Um, what does your business plan say?

What is your competition charging?

Have you really started your business without knowing the answers to these questions?

Do you have all your licenses, permits, tax identification numbers, insurance, and other business essential in place?

You might want to talk with Candy Wallace, Executive Director at

*American Personal & Private Chef Association*
4572 Delaware Street
San Diego, CA 92116
800-644-8389
619-294-2436
[email protected]

before you go much further in you effforts.


----------



## chefedb (Apr 3, 2010)

If you do not know the answer to these questions, Don't go into the catering  business for your own good. Personel Chef maybe  > Put an hourly value on yourself.


----------



## appetitesbg (Mar 15, 2011)

Im still in progress, i have yet to cater for anyone. these are still the beginning stages which is why i am asking these questions. currently I have a  menu, and a tax identification number. my next step is getting the license/ permit. I believe I am on the right track but this is my first business so constructive advice is important to me. thanks guys, and  I will be contacting Candy Wallace shortly!!!


----------



## petemccracken (Sep 18, 2008)

Food Safety certification i.e.

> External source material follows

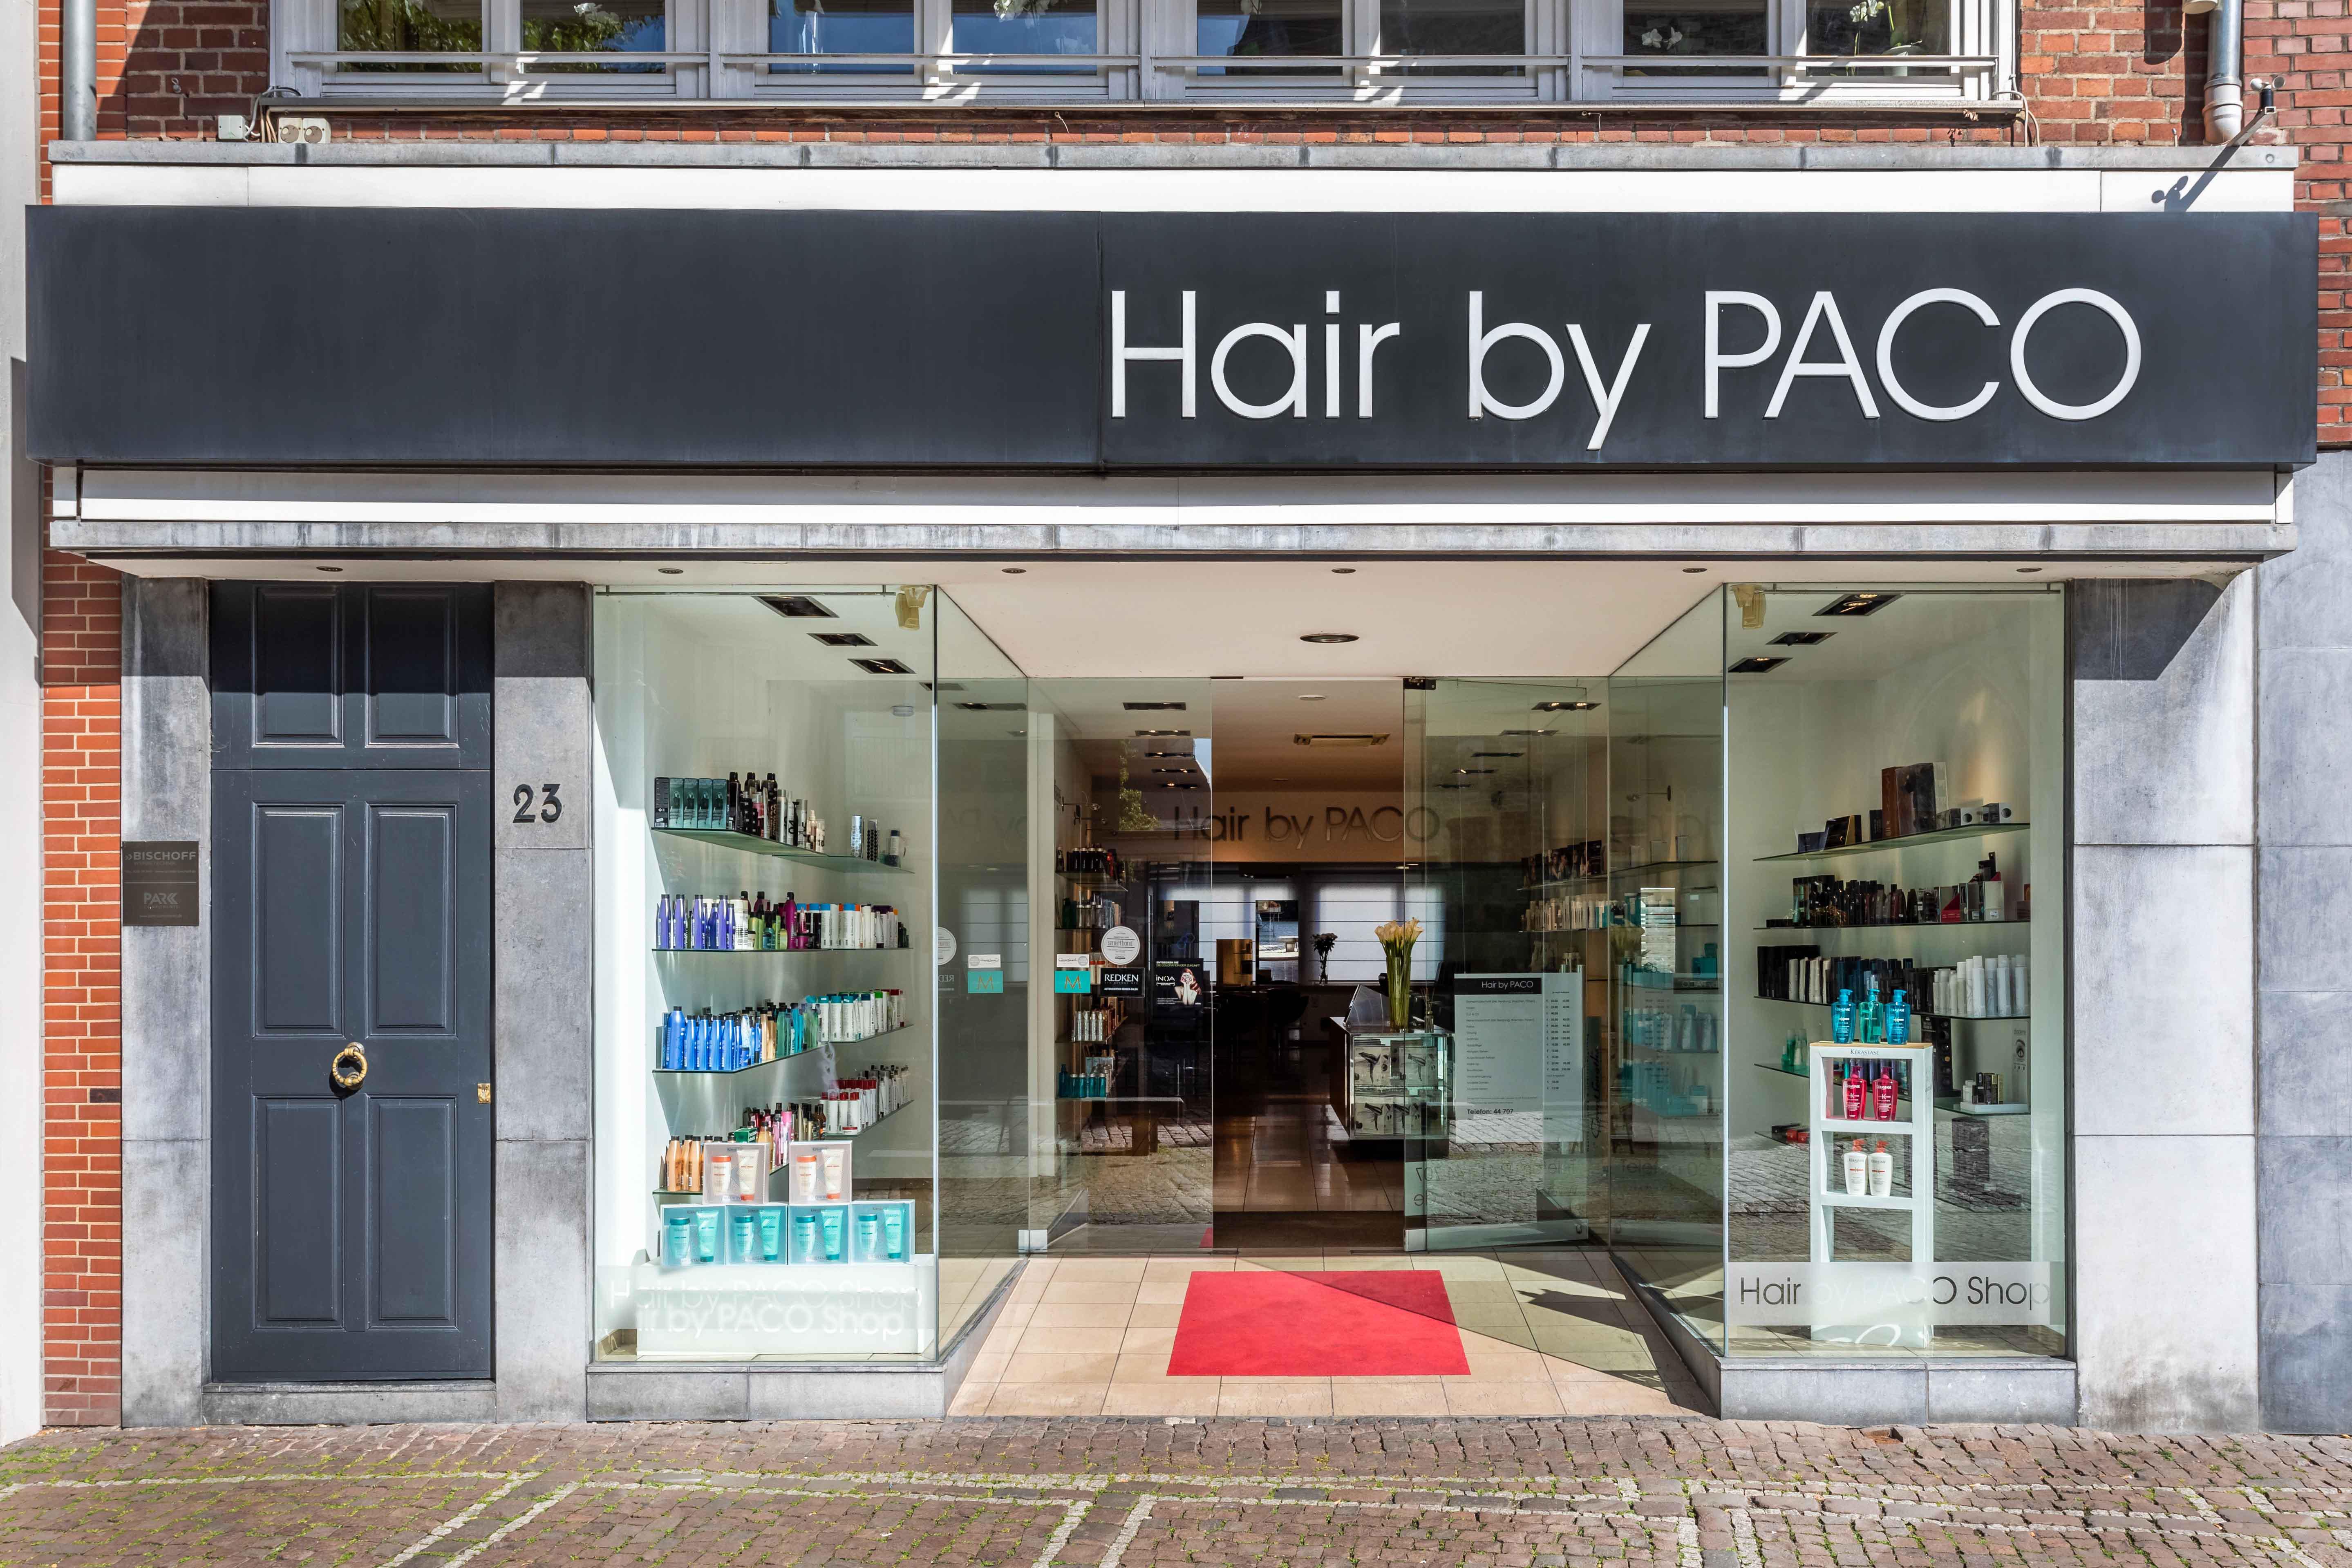 Hair by PACO | Friseur Aachen, Markt 23 in Aachen

ServSafe, NRFSP, or equivalent

Liability Insurance, at least $2million!

Business license, sale tax permit, etc.


----------



## miss vittles (Jul 26, 2011)

appetite....great question!  and this is just the place to come to get the answers!  im new here, found the site by accident!  i just became an official caterer....and although i dont have a business plan or the answers to all of my questions, i know catering is the thing for me!  my family has a history of caterers and i found this passion in my early 20's...recently decided to get more into it...i love entertaining and "doing all the work"...ive done a few jobs and of course they werent perfect...but they helped me to fix was needed to be fixed...you kind of learn as you go...they didnt bomb at all, and i did make money and the clients were very happy.  but when its all said and done, you know what could have been done different or better...appetite, let me know if youd like to chat more, that would be cool to support and follow each other!


----------